Забыв выпить кофе, она тут же заторопилась в Севастополь — повидать папу. Папа теперь не скоро к нам выберется, флот будет «на военном положении из-за Турции…» На прощание она притянула к себе нас обеих и крепко поцеловала. Меня тоже. Моя вина осталась в той, довоенной жизни.

Мы без спросу ворвались к нашему ученому матросу, он, наверно, знал, при чем Турция, когда война из-за Сербии…

— О Сербии теперь все позабудут, — мрачно сказал он и почему-то начал складывать тетради и книги стопкой. — А уж крови прольется!..

Кровь лилась. Газеты печатали списки убитых, в журнале «Нива» целые страницы, обведенные черной каймой, были отданы фотографиям жертв войны. Прапорщики, поручики, фельдфебели… Я вглядывалась в их лица, почти сплошь молодые. Еще недавно они ходили фотографироваться, принимали бравый вид, фуражки чуть набекрень, а у казаков — лихо заломлены над вьющимся чубом. А теперь их всех нет — с о в с е м  н е т?..

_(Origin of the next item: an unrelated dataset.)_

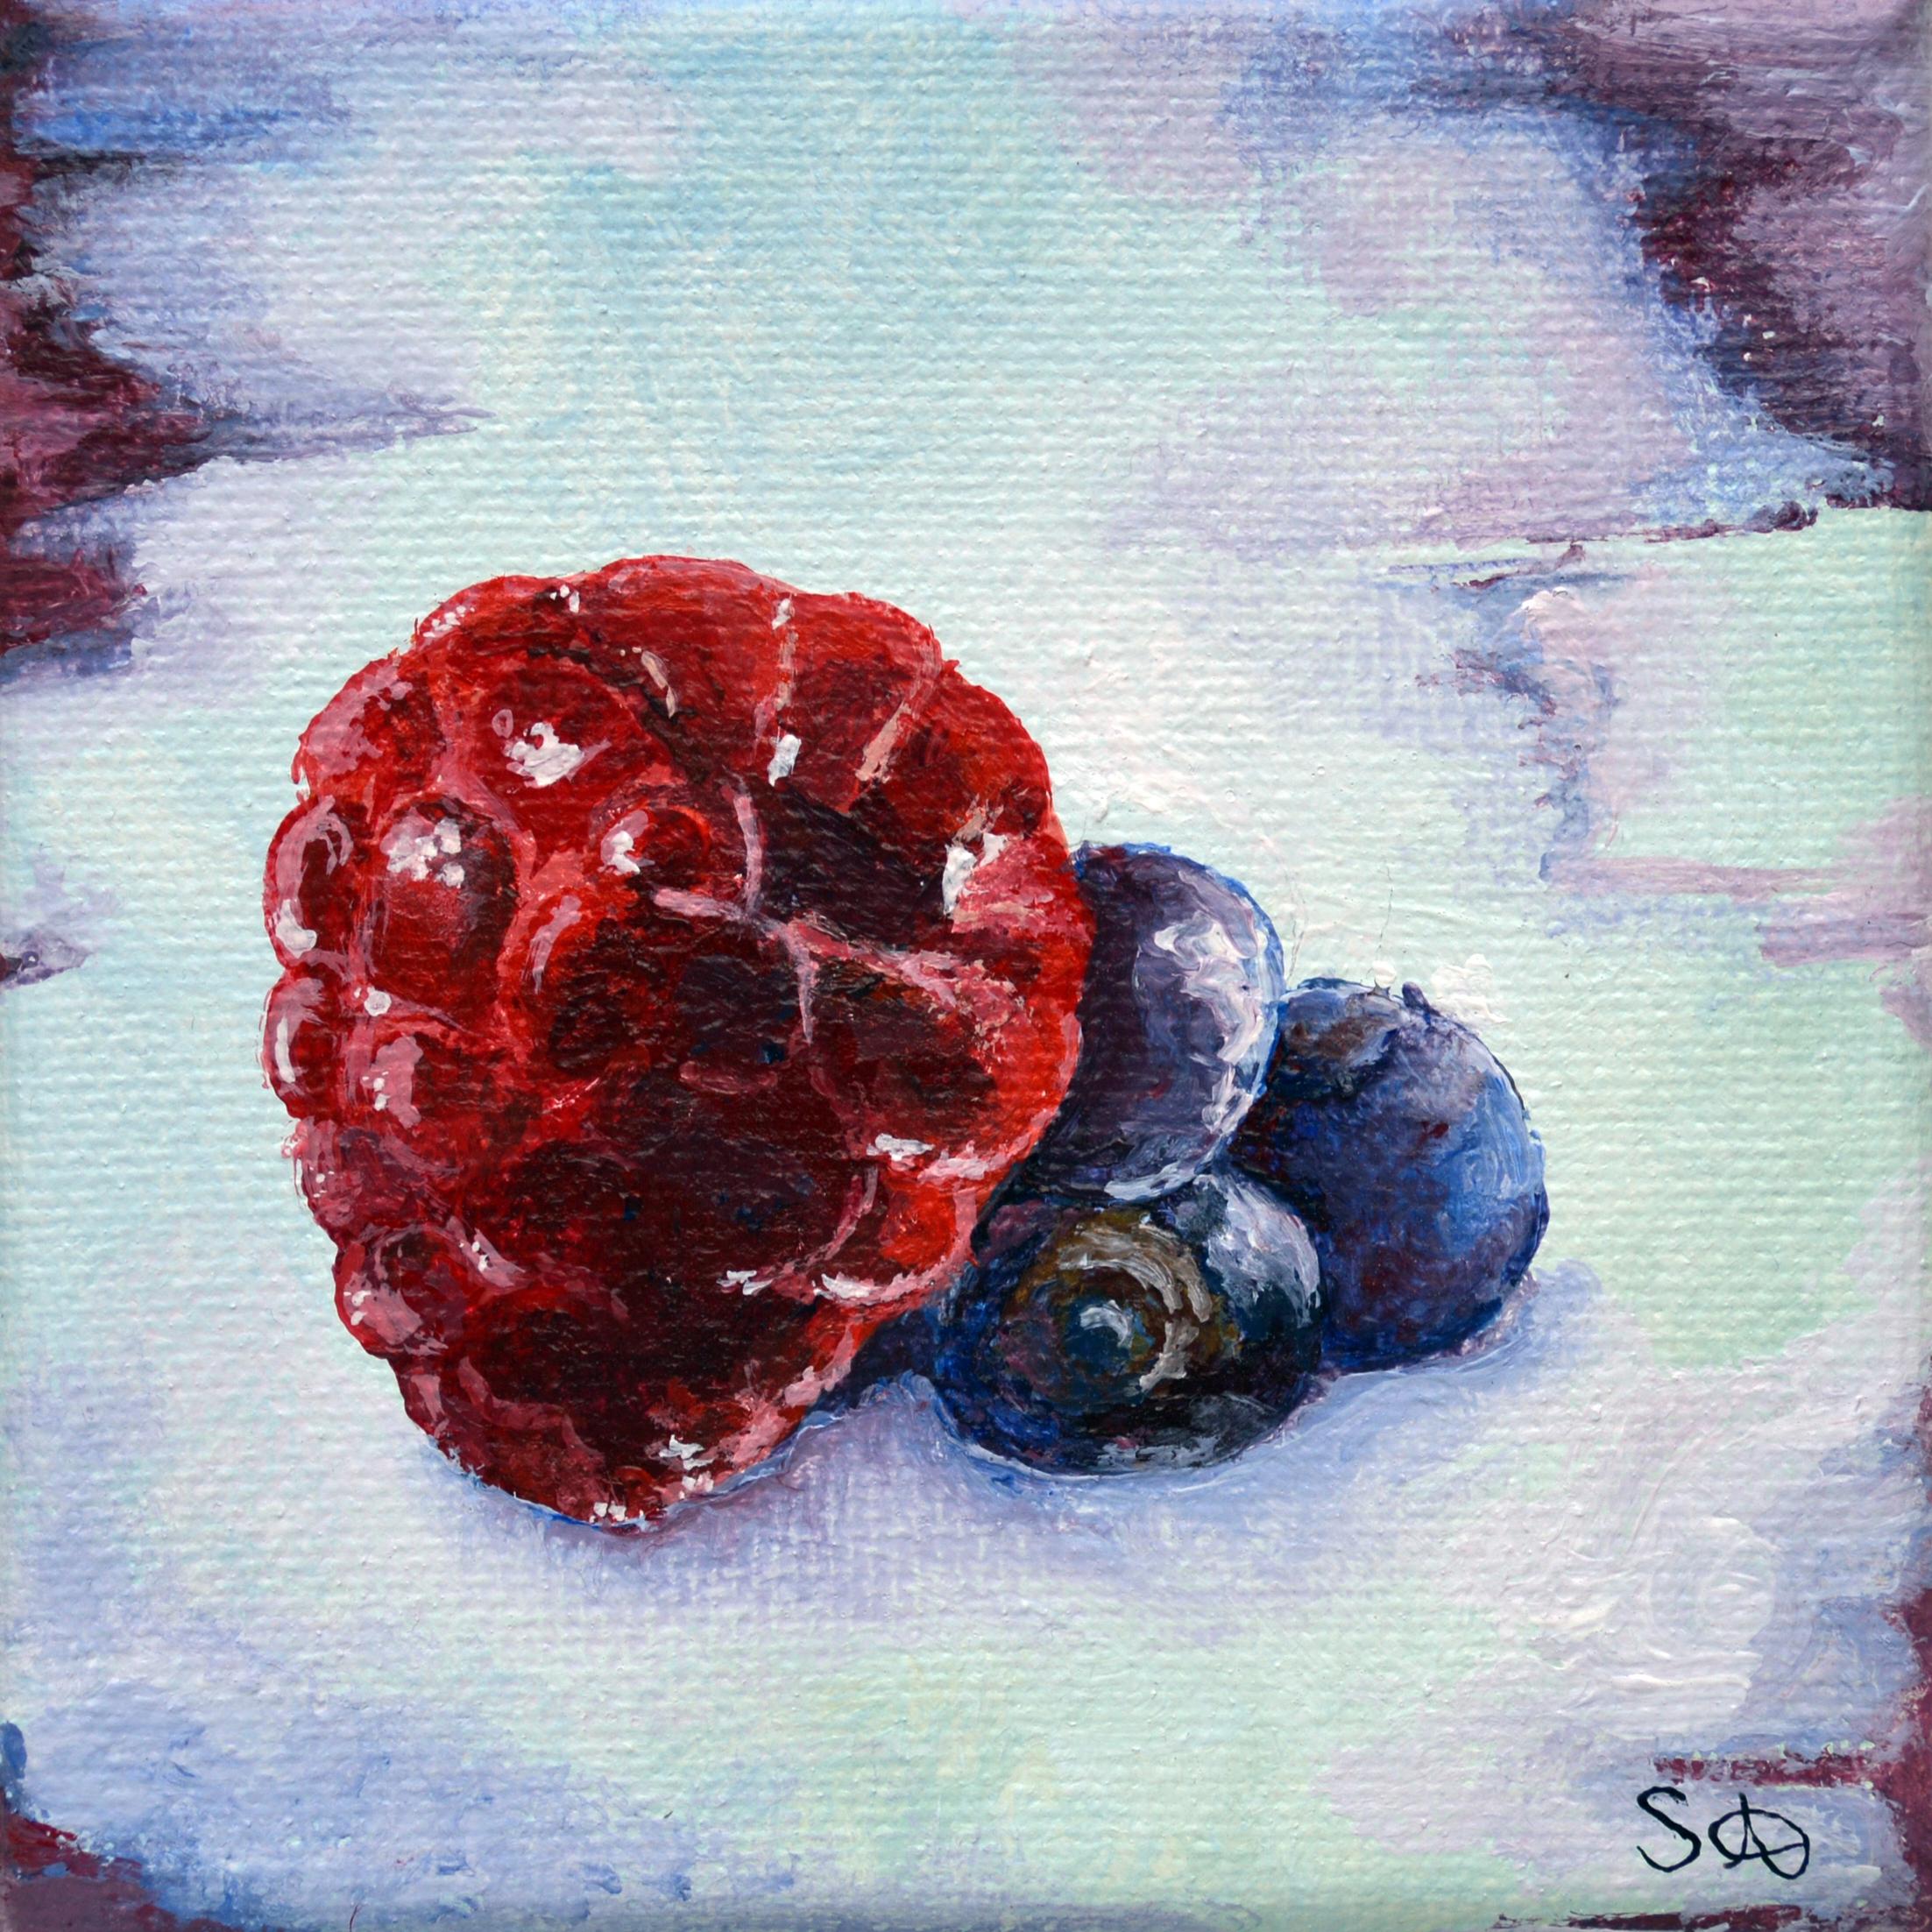 Summer Fruits: Raspberry & Blueberry

Я еще ни разу не видела смерти. Знала, конечно, что люди умирают. Вот и закопанский дедушка погиб под снежной лавиной, а севастопольский дедушка, красивый моряк с черными баками, в бурю неудачно прыгнул в шлюпку, сломал ногу, в ноге получилась  г а н г р е н а… Но это было еще до меня. И в севастопольскую оборону погибло много моряков и солдат, в Панораме было нарисовано — как, а перед нарисованным, где были уже настоящие камни, пушки, редуты и кучки ядер, лежали лицом вниз убитые, но это не были настоящие убитые, сделали чучела и надели на них сапоги и мундиры. Совсем недавно я прочитала, как убили Петю Ростова, милого, счастливого Петю… но это все же было в книге, стоило перелистнуть несколько страниц назад — и Петя снова дарил свой ножик, и угощал офицеров изюмом без косточек, и ездил с Долоховым к французам, а ночью перед сражением отдавал точить свою саблю и вместе с вжиканьем сабли о брусок слышал  с в о ю  музыку, сладкую и торжественную, музыку, которая звучала в нем самом… Я знала наплывающее иногда звучание  с в о е й  музыки и, читая эти строки, как бы слышала ее вместе с Петей. А следующие страницы, где Петю убивали, не перечитывала никогда. Петя оставался живым.

Смерть князя Андрея я воспринимала только через Наташу. «Простое и торжественное таинство смерти» — этого я не понимала и не хотела понимать, все мое существо противилось самой возможности смерти — был человек и нету. Стоял перед фотографом, фуражка набекрень, а потом одна пуля… и все?.. Совсем?.. Как это может быть, что вот я — дышу, бегаю, думаю, и вдруг — н и ч е г о?..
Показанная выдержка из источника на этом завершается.